R.I.P. (Rest in Paterno)


What bothers me the most about all that's been said about Joe Paterno and Penn State in the wake of the Jerry Sandusky indictment is not the criticism of Paterno's handling of the matter or the reaction of people around the university to Paterno's firing. Paterno himself has admitted, particularly in the interviews shortly before his death, that he should have done more and it’s obvious that the reactions of some students and other Penn State supporters didn’t show the proper perspective on the real gravity of the situation and the victims. 

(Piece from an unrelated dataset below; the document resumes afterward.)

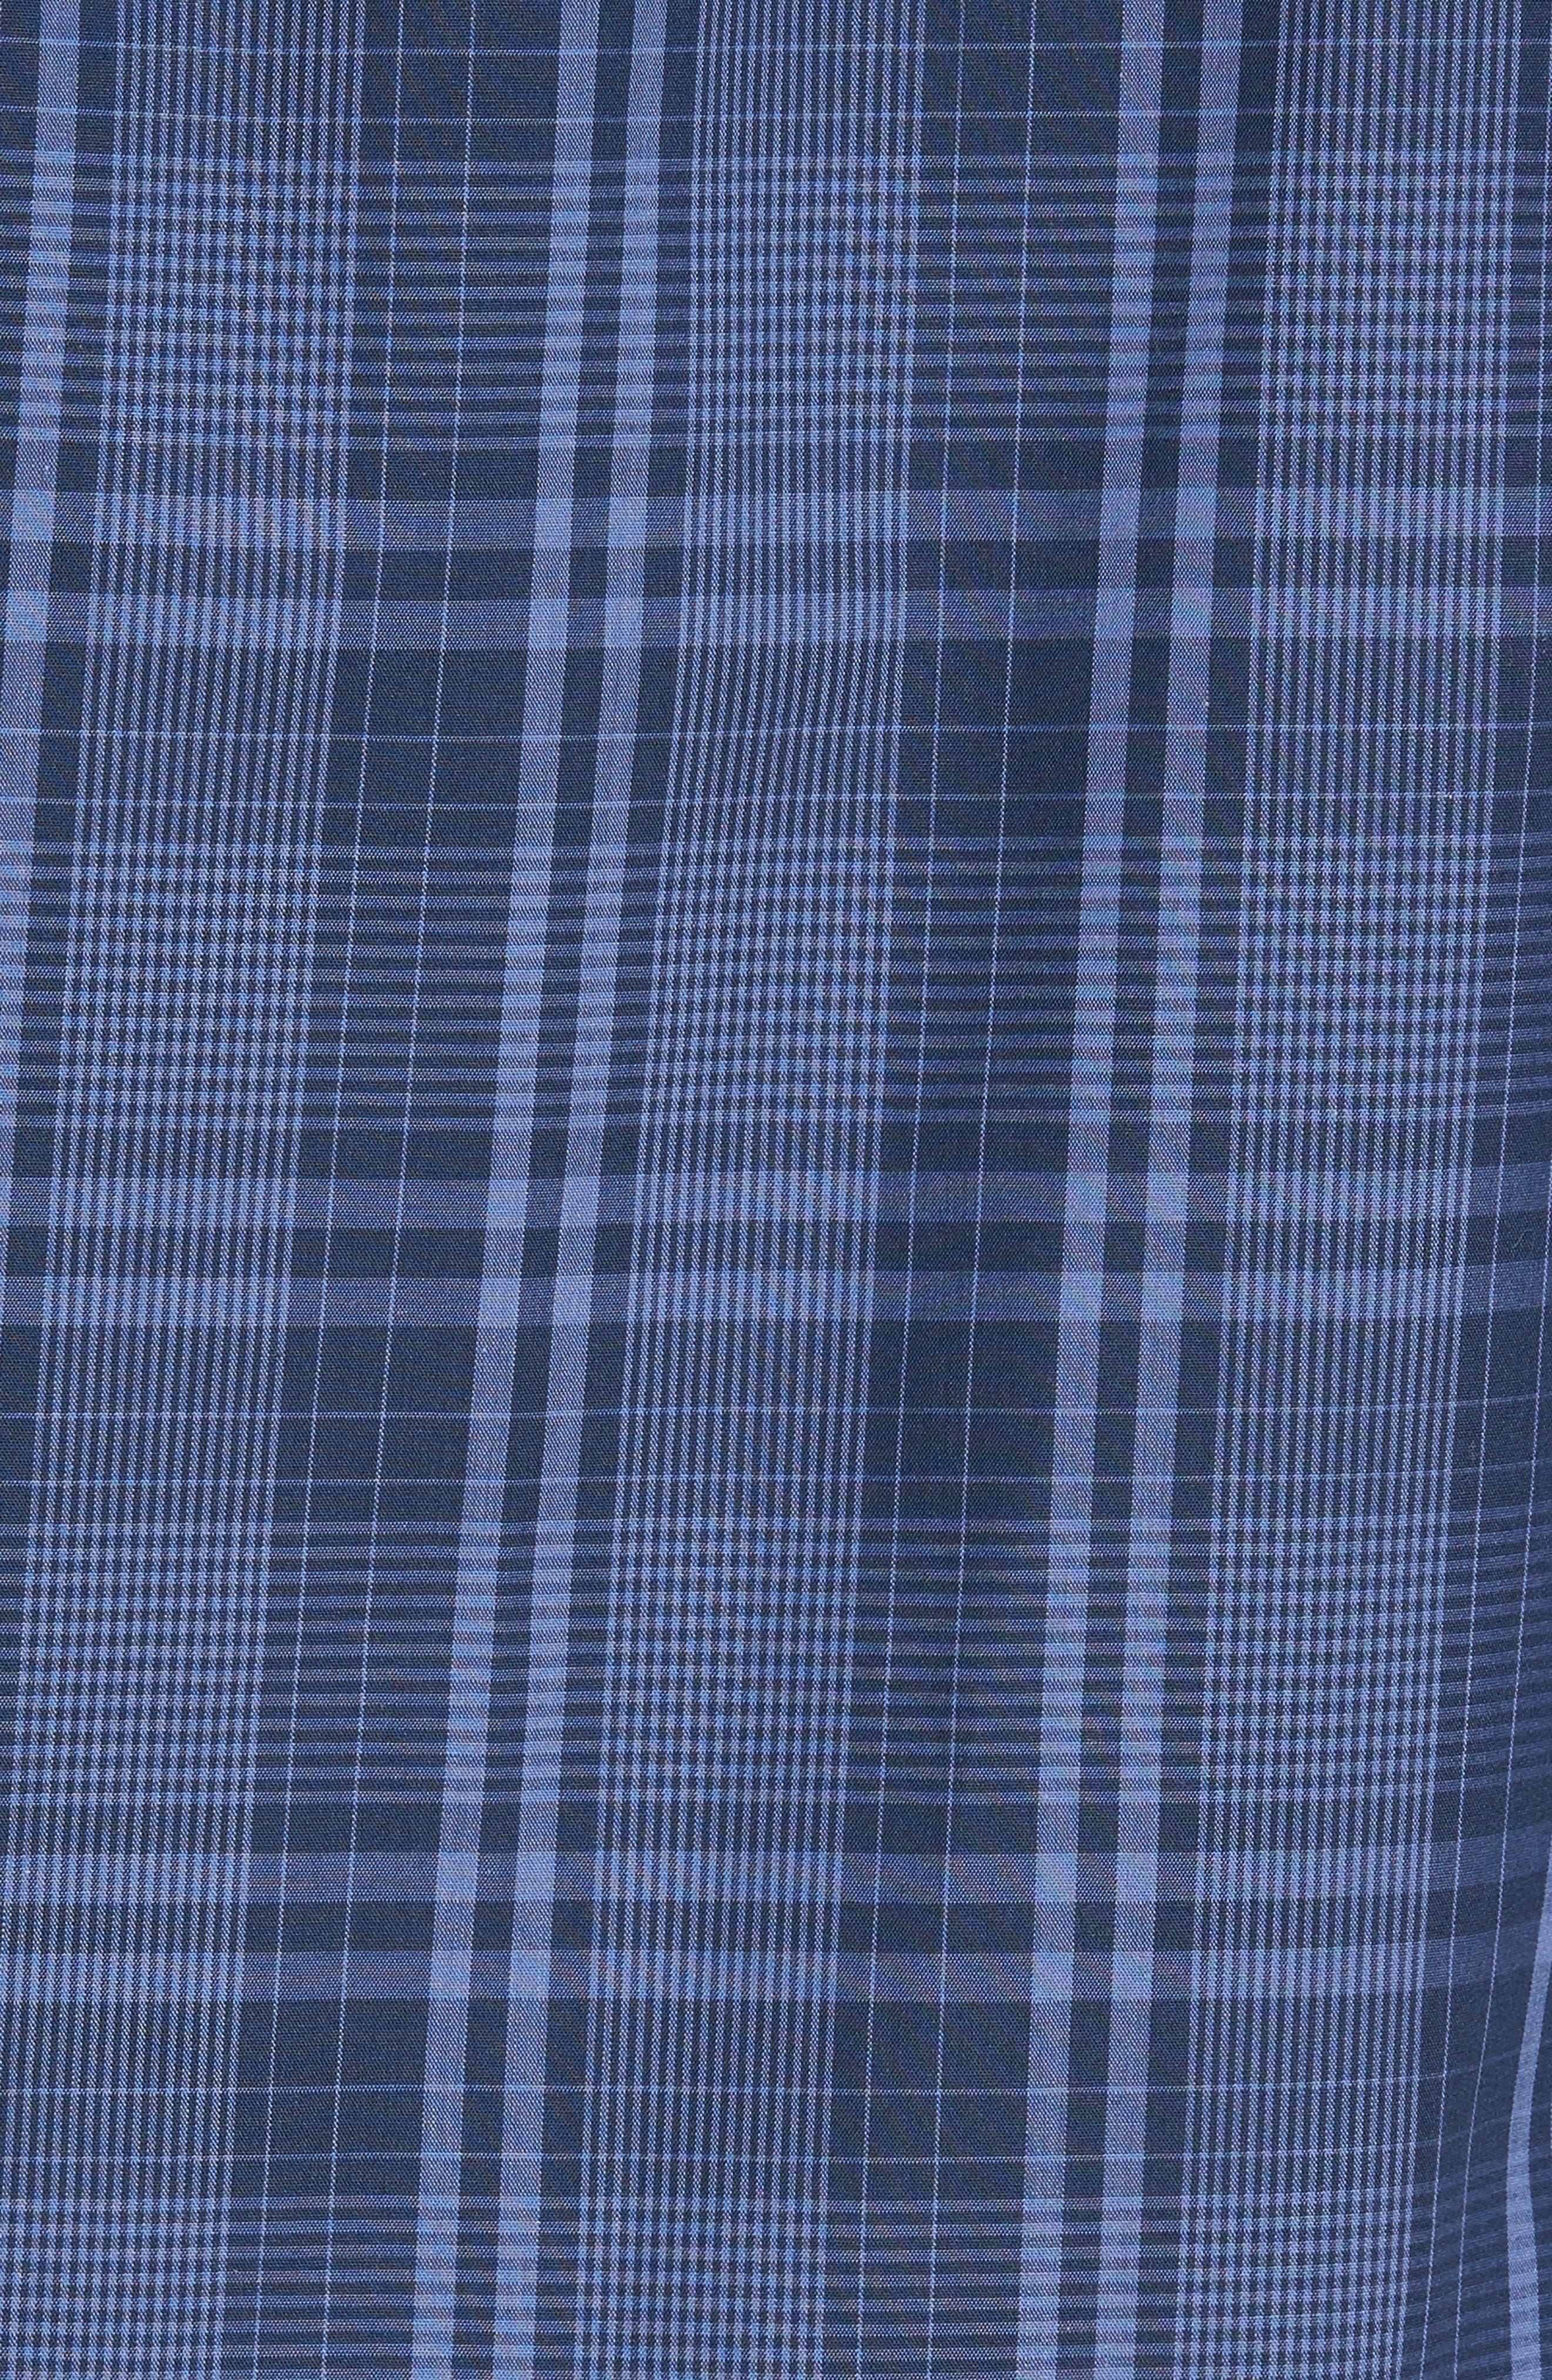 Slim Fit Plaid Sport Shirt,                             Alternate thumbnail 5, color,                             Navy Iris Blue Plaid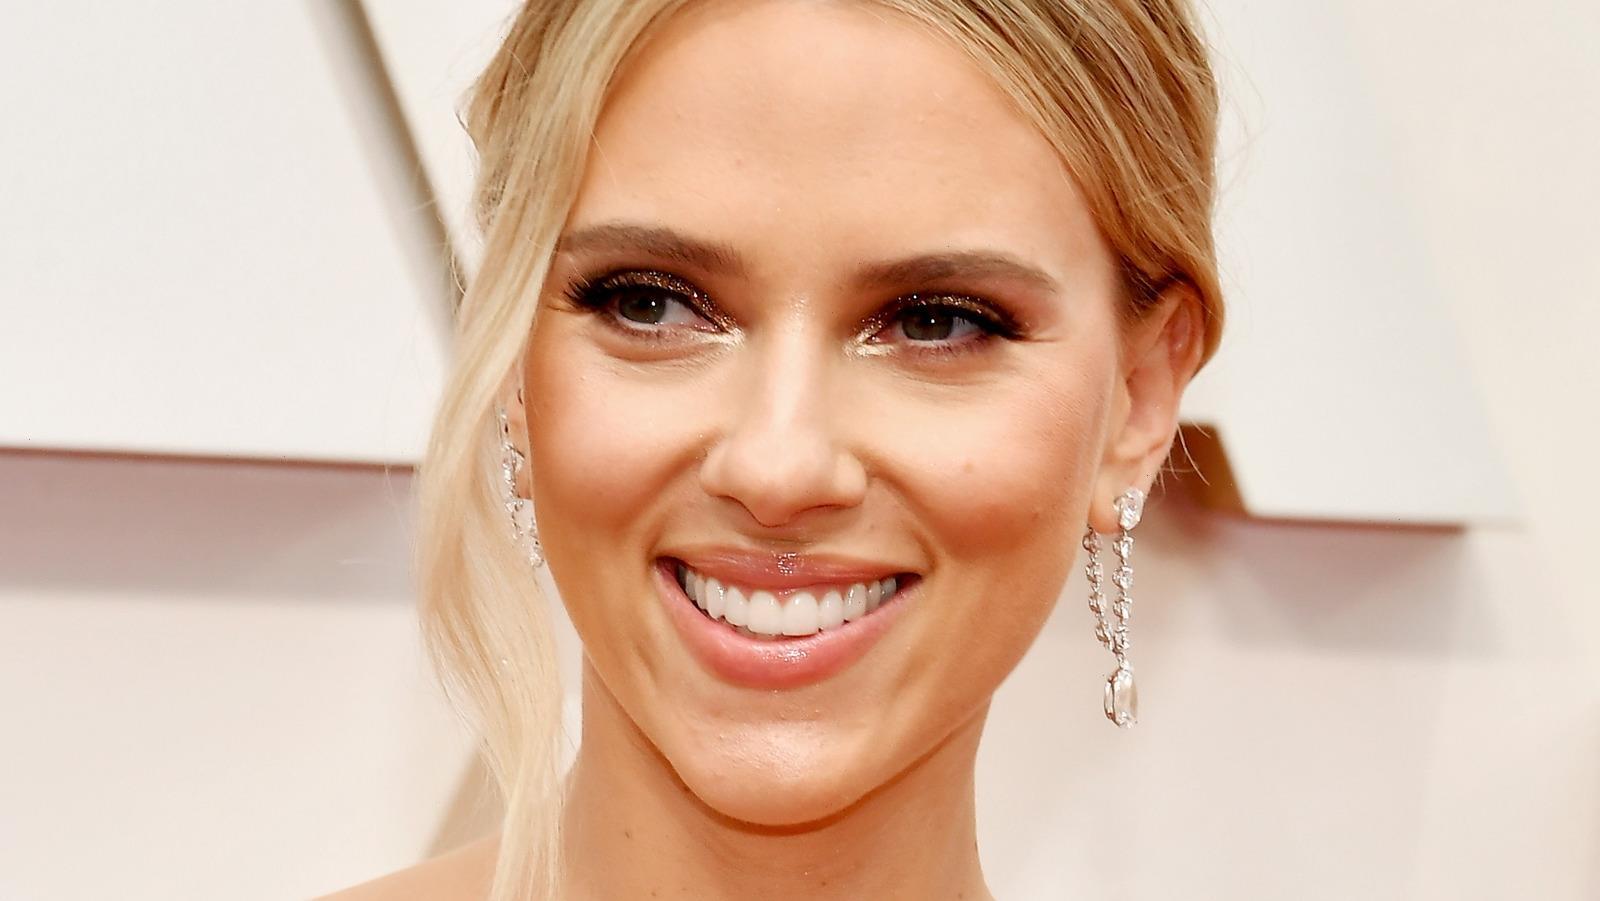 Times Scarlett Johansson Shut Down A Sexist Comment

 What I find reprehensible, though, is the combination of gutlessness and ignorance that so many commentators have displayed. This is embodied by both the hack writers who only crawled out of the ground to sharpen their hatchets after Paterno was fired and the media blowhards who've gone out of their way to portray Joe Paterno and State College as the second coming of Jim Jones and Jonestown. I expect some of the same culprits to criticize Paterno’s family for suggesting that those wishing to honor his memory make donations to the Pennsylvania Special Olympics and THON (i.e. the world's largest student-run philanthropy) rather than RAINN or other worthy organizations involved in preventing abuse. 
Joe Paterno was a man who tried to do good for as many people as possible. Like any man, he didn’t always succeed, but any rational assessment shows that he succeeded more than he failed. That bit of context is conspicuously absent from the work of writers who lacked the courage to voice their criticisms about things like how he treated NFL scouts until after he was fired. As for my hometown of State College, we all knew that the success of the football team brought our big small-town a lot more national attention than it would have gotten as just a good Midwestern-style university that happened to be in the middle of Pennsylvania.
That did not, however, mean that football was the only thing that mattered there. No one was patrolling the streets of State College or sweeping through the Nittany Mall on Saturday afternoons to ask people why they weren’t at the game. We lived our lives normally, enjoying the accomplishments of the team the same way fans in Pittsburgh and Dallas did for the Steelers and the Cowboys not because someone made us “drink the Kool-Aid” but because that’s what fans do when they’re proud. A lot of that stemmed from Paterno and the honest work he put into making the team and the university better. That’s what I’ll remember about the one sports figure I ever admired, not because someone made me “drink the Kool-Aid” but because that’s what fans do when they’re proud.